Let’s try to understand how to design a stateful EDA using Kafka Streams with a real-world example. Imagine in the banking domain, credit bureau services need a transaction history of users with profile information every week to update the credit score of the customers. This involves a series of customer transactions, aggregations of the transactions for the entire week, and enriching the report with customer profile information before sending a unified report to the customer. The credit bureau as a downstream consumer receives these events and recalculates the credit score and persists it.

Designing a stateful EDA using Kafka Streams for banking domain

Figure 1. Event transformation and enrichment pattern, showing a typical template of a Kafka Streams application which aggregates and enriches data before sending the events to output topics (Event transformation and Enrichment pattern)

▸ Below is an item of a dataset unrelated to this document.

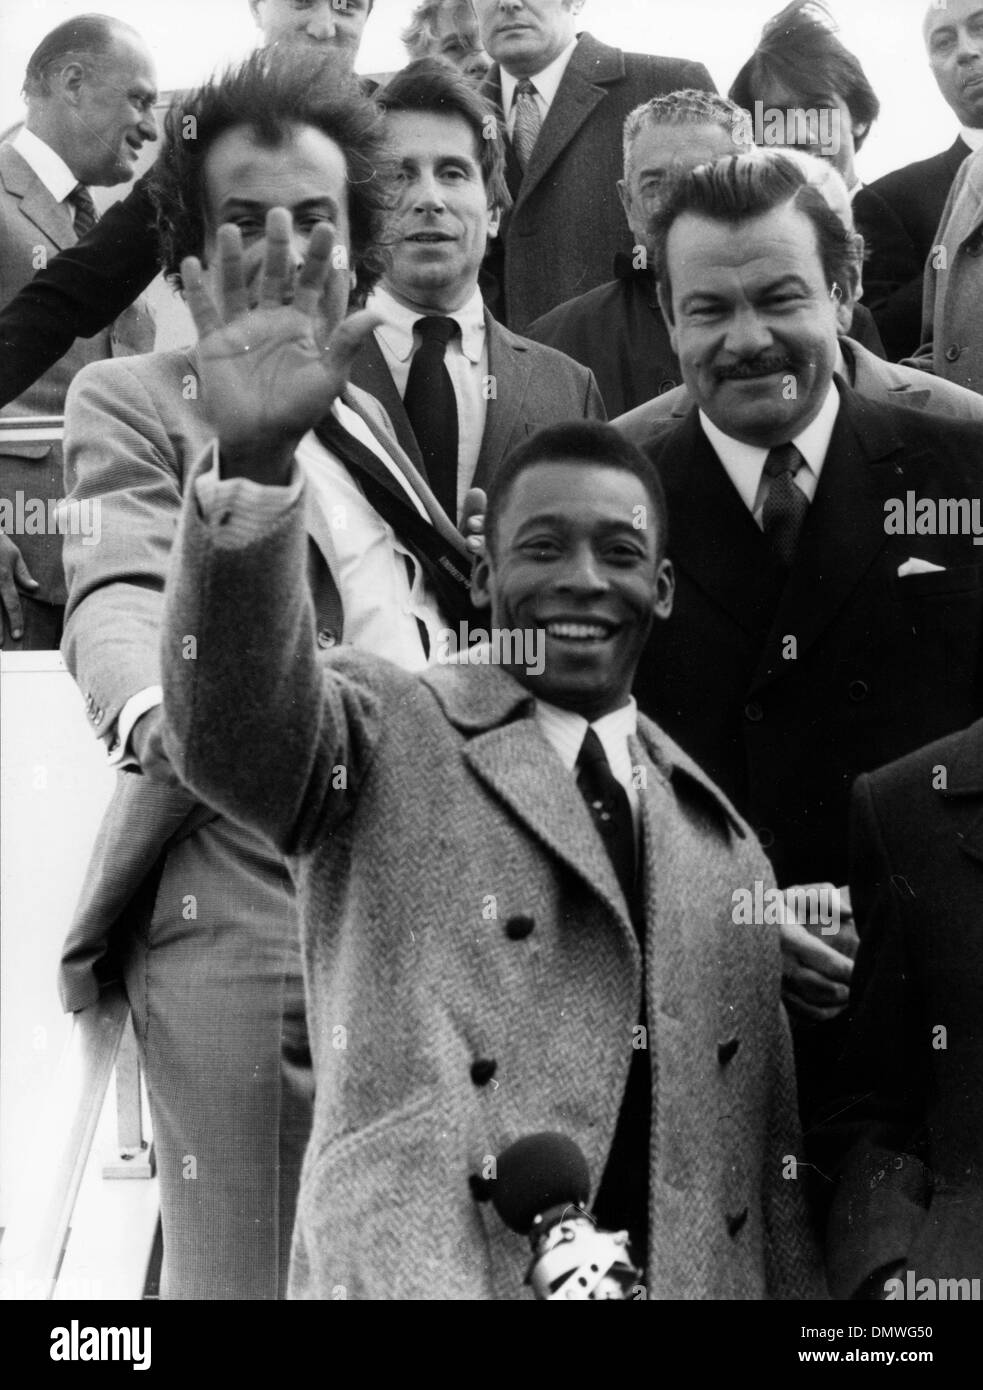 Marzo 27, 1970 - Parigi, Francia - Brasiliano giocatore di calcio EDSON NASCIMENTO 'PELE' che arrivano all'aeroporto di Orly a Parigi. (Credito Immagine: © Keystone Pictures USA/ZUMAPRESS.com) Foto Stock

Having provided an illustrative example of a Kafka Streams use case, let's delve deeper into the intricacies of this architecture and its underlying patterns. By zooming in on each component, we can uncover how Kafka Streams facilitates real-time data processing and streamlines complex workflows within distributed applications.

Kafka Streams is a client library that processes and analyzes high loads of data in real-time. Under the hood a Kafka Streams application has Kafka producers and consumers, just like a typical Kafka client. However, with Kafka Streams you can enable a stateful EDA with features like Fault Tolerance and Scalability.

Kafka Streams primarily operates within a single Kafka cluster. It's designed to process data from topics within that specific Kafka cluster. The library allows you to consume data from topics, perform processing, and produce results back into topics within the same Kafka cluster. This single-cluster focus simplifies the architecture and operations, ensuring that all data processing occurs within the confines of one Kafka environment.

Achieving stateful EDA without using Kafka Streams or another stream processing framework is hard. If you had a plain Kafka consumer that needs to interact with the previous state of events, the consumer would have to store all the event history in heap memory, and if the key space of the events is high, it can quickly run out of memory. To avoid this, the state should be saved somewhere else, such as local disk or an external store like Redis. But, the potential to lose data or introduce network latency while writing and reading to an external store is high.

To address this Kafka Streams persists the state to local disk and to an internal Kafka topic. Generally, the internal Kafka topics to store the state are changelog topics. The changelog topic acts as a persistent log of these state changes. It records all modifications made to the local state stores.

Changelog topics serve a crucial role in fault tolerance. If a Kafka Streams application restarts or if a stateful application instance fails, it can restore its state from these changelog topics. By replaying the changelog topic, the application can reconstruct its state and resume processing from where it left off.

Generally, the Kafka topics are setup with topic configuration "cleanup.policy" = "delete" with some retention, but the changelog topics will have "cleanup.policy" = "compact".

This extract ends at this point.